Q. My brother and I inherited our father’s house in New York City in 2015. It was my brother’s primary residence. The property sold in 2017 for $100,000 above the date of death value. As a New Jersey resident, what taxes do I owe?
A. You may owe plenty of taxes, but not necessarily to the entity you think.
Federal capital gains are imposed on profits from your share of the New York real property, said Shirley Whitenack, an estate planning attorney with Schenck, Price, Smith & King in Florham Park.
She said New York State also imposes capital gains tax and there could be local taxes, too.
Then there’s New Jersey, which does not impose capital gains taxes, she said.
Whitenack said the amount of capital gains taxes that may have to be paid depends on your income tax bracket.
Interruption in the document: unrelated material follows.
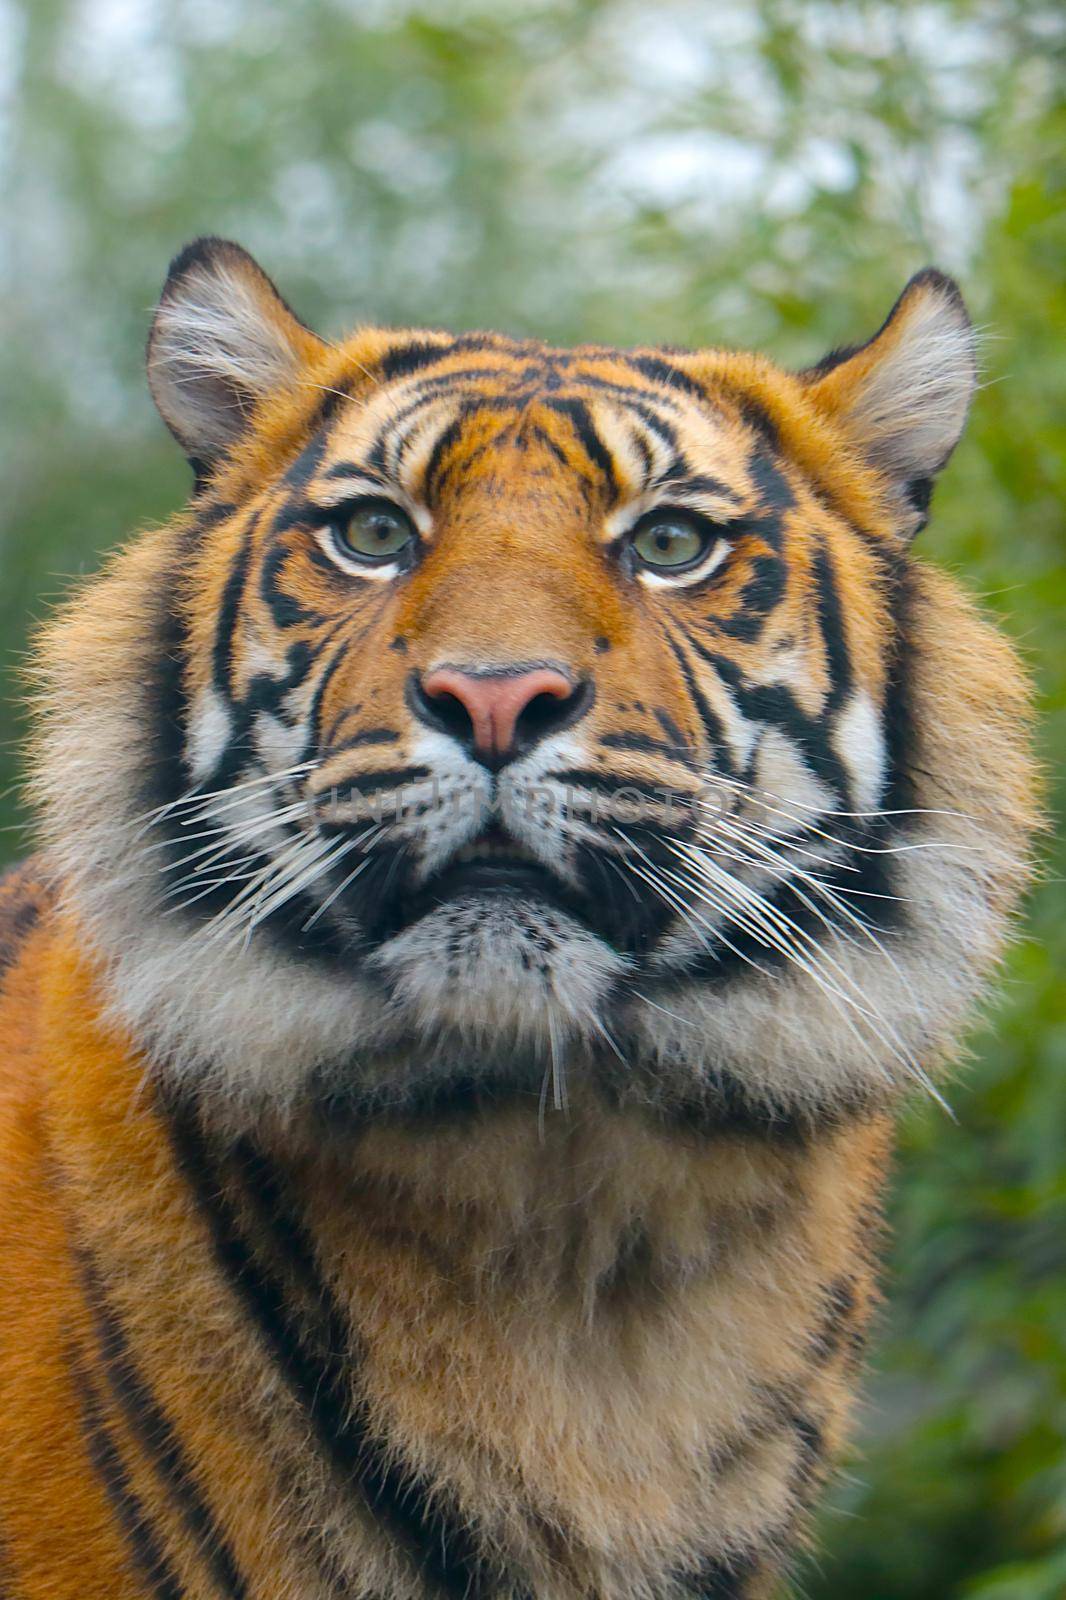 Portrait of a beautiful tiger in the wild. A predatory cat. by kip02kas

“The investment would be considered to be long-term because it was held for at least a year and a day,” she said. “Federal tax filers for the year 2017 in the 10 to 15 percent tax bracket pay zero percent, those in the 25 to 35 percent tax bracket are subject to a 15 percent rate and those in the 39.6 percent tax bracket are subject to a 20 percent rate.”
New York’s top capital gains rate is the second highest in the country at 31.5 percent, but is lower for those in lower tax brackets, Whitenack said. “While the federal capital gains tax rate is lower than the rate for ordinary income, the New York rate is the same as the ordinary income rate.”
You should speak to your tax preparer to make a determination on your capital gains taxes.